I attempted this on GPU using cupy by umcommenting the second import statement, but obviously the double for loop is drastically inefficient. It takes numpy approx 6 seconds, but cupy takes 26 seconds. I understand why but it's not immediately clear to me how to parallelize this process.
我知道我需要编写某种归约内核,但是我无法考虑如何根据对另一个数组元素的迭代操作来构造一个cupy数组.

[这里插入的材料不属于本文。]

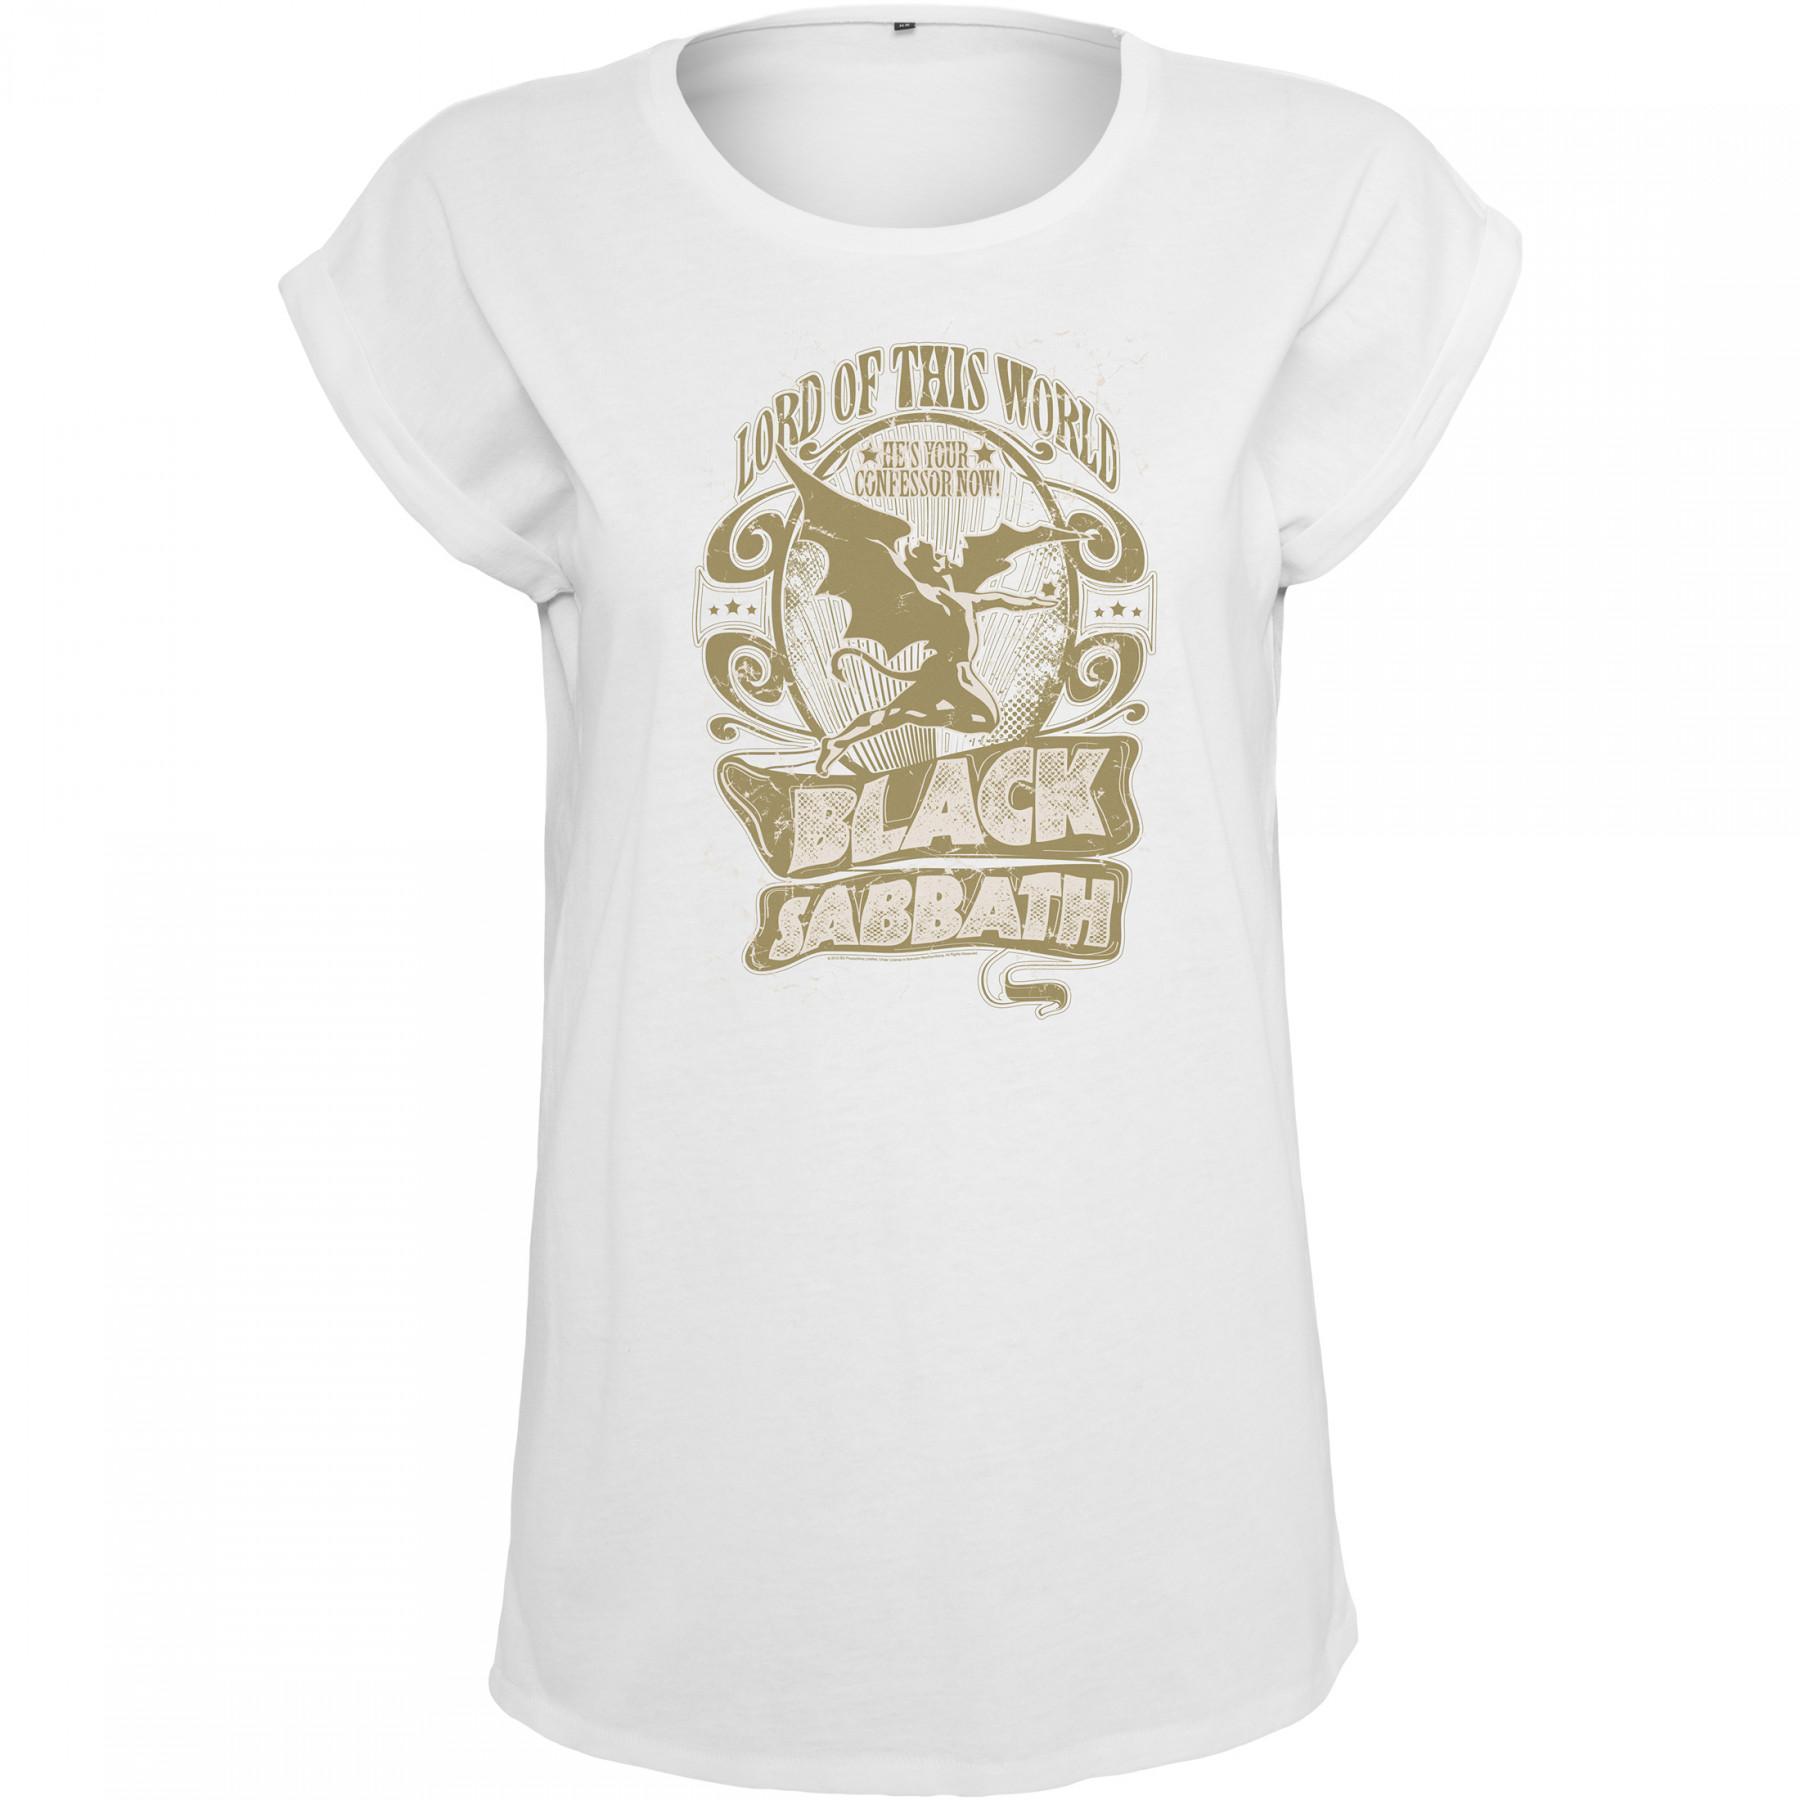 T-shirt woman Urban Classic bla bla abbath lotw white

I know I'm going to need to write a reduction kernel of some sort, but I can't think of how to construct one cupy array from iterative operations on elements of another array.
推荐答案
在A100 GPU中使用广播CuPy花费0.10秒,而在NumPy中花费6.6秒
Using broadcasting CuPy takes 0.10 seconds in a A100 GPU compared to NumPy which takes 6.6 seconds
for i in range(700):
distance[i,:] = np.abs(np.broadcast_to(X[i,:], X.shape) - X).sum(axis=1)
此向量化使一个向量与所有其他向量的距离平行.
This vectorizes and makes the distance of one vector to all other ones in parallel.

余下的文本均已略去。